Get good counsel. We'll talk about some specific ways and then once you've done all the hard work and you allow the emotions to kick in and allow the chemicals to go off based on the spiritual, social, psychological and God's leading, then have a pretty short engagement because lots of bad things happen in really long engagements and then thank God for the gift that he's given you. Well, let me ask you, just I mean honestly, how you doing?

How you doing? As I went through that as a married couple, did you say, yeah, you know, I've kind of bought into testing the love in our relationship a lot more that's infatuation than love or if you're here and you're, you know, dating someone, is it like one lady told me she walked up to me in an airport and she goes, you know that book Love, Sex, Lasting Relationships? I said, yeah. She goes, I read that.

Thank you very much. I said, well, why? Well, you know that chapter on the difference between love and sex? I said, well, yeah. She goes, well, I've been married twice. I was in another relationship.

I was goo goo gaga, all that stuff, brain cells, IQ dropping and I read that and I went through and 10 of the 12 things were infatuation, not love. She said, I broke off the relationship. I've stepped back. I'm getting whole personally and then she said, so how come you didn't get this to me two marriages ago? To which I said, I'm sorry. But do you understand?

Think carefully as a parent of preteens, teens, college ministry, young professional. Your mate died. You're divorced. You're in that 40 to 50 range and you're saying, I believe there's someone for me now. You believe that infatuation is love.

You will be a part of that next percentage of people where the next one doesn't work out or you'll be a part of that great population of people that, wow, marriage is great for the first two years and then that window between year three and year six when it requires love, not infatuation, you'll see this happen. God has better, okay? So let me give you some ways to nurture the kind of love that he's given us.

Are you ready? How to improve your love life. I'm on the back page and notice our picture. You might want to at the very top just write the word God. You might on the triangles put the man on one side, the woman on the other.
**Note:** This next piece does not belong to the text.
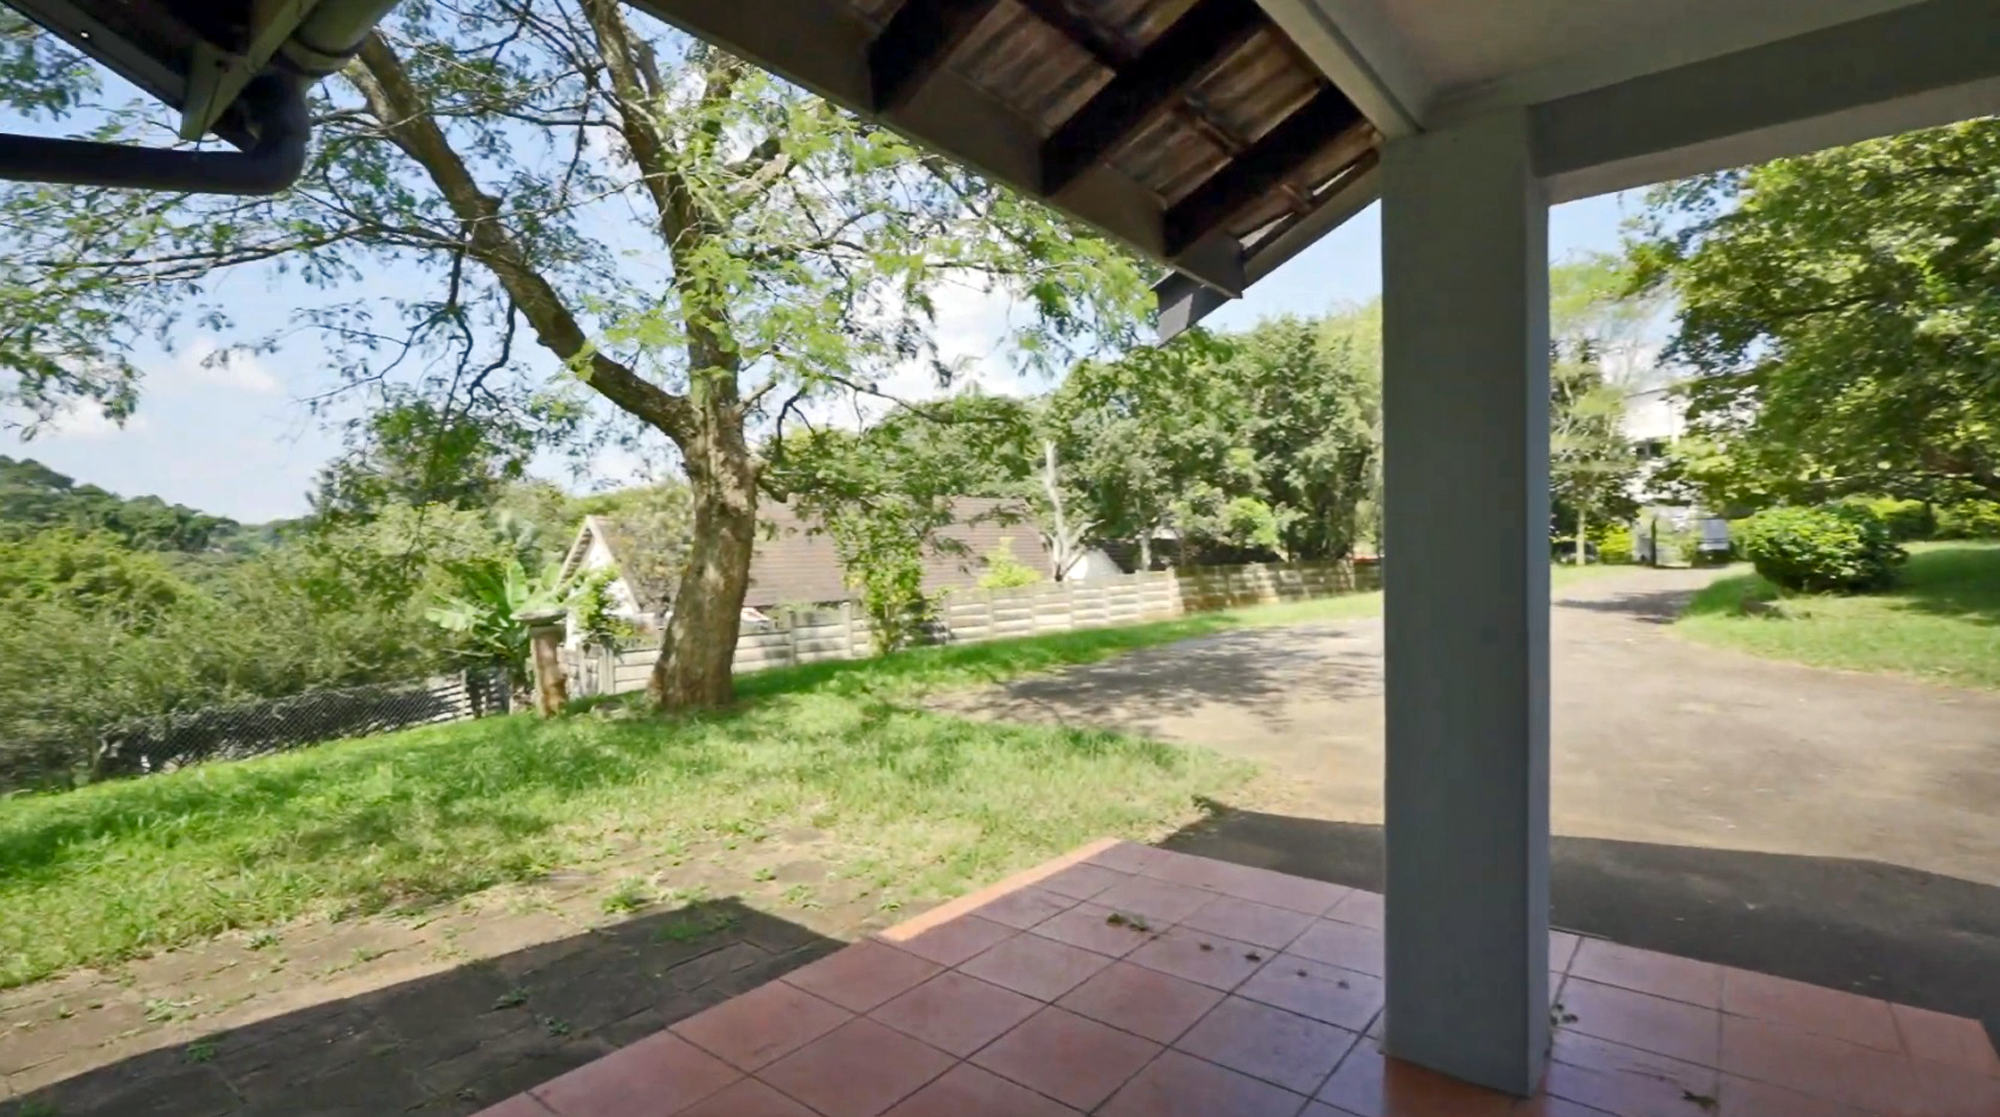 3 Bedroom Property for Sale in Waterfall KwaZulu-Natal

We know you might even put an arrow of the man and the woman. God's goal in marriage is oneness. It's intimacy of spirit, mind, body and soul and you're going to see that in the center of it is God wants you to experience love. Now the basis of love, what allows you to love in both ways is agape love, being dearly loved by God, walk in love. And then the eros love is a very important part of God's, the sexual attraction, the candle lights, the weekends away, the negligees, all the good stuff, all right?

And the walks, the talks, the board games, the popcorn, the movies, the walking in malls. So over here we have phileo love, best friends. Over here we have eros love, passionate lovers and here brothers and sisters living under the word of God.

So let me give you two suggestions. If you are a single, keep your emotions and physical involvement behind your leading from God and commitment to the other person. Keep your emotional and physical involvement. So if we would go back to the triangle, God's way, spiritual, do they really walk with God?

In fact, love God more than me. Social, how do they treat other people? What's their behavior before we start dating?

Psychological, I want to really know them, their heart, their soul, their mind, their personality. Now all those things line up, the Holy Spirit's giving you a green light, ding. Let your emotions kick in.

See where God takes it then and save the full expression of God's design because the marriage bed is holy. You're listening to Living on the Edge with Chip Ingram and Chip will be back in just a minute to finish today's talk. But quickly, I want to remind you that this program is only possible because of the generosity of listeners like you. So if you'd like to support us, go to livingontheedge.org, that's livingontheedge.org, and thanks for doing whatever God leads you to do.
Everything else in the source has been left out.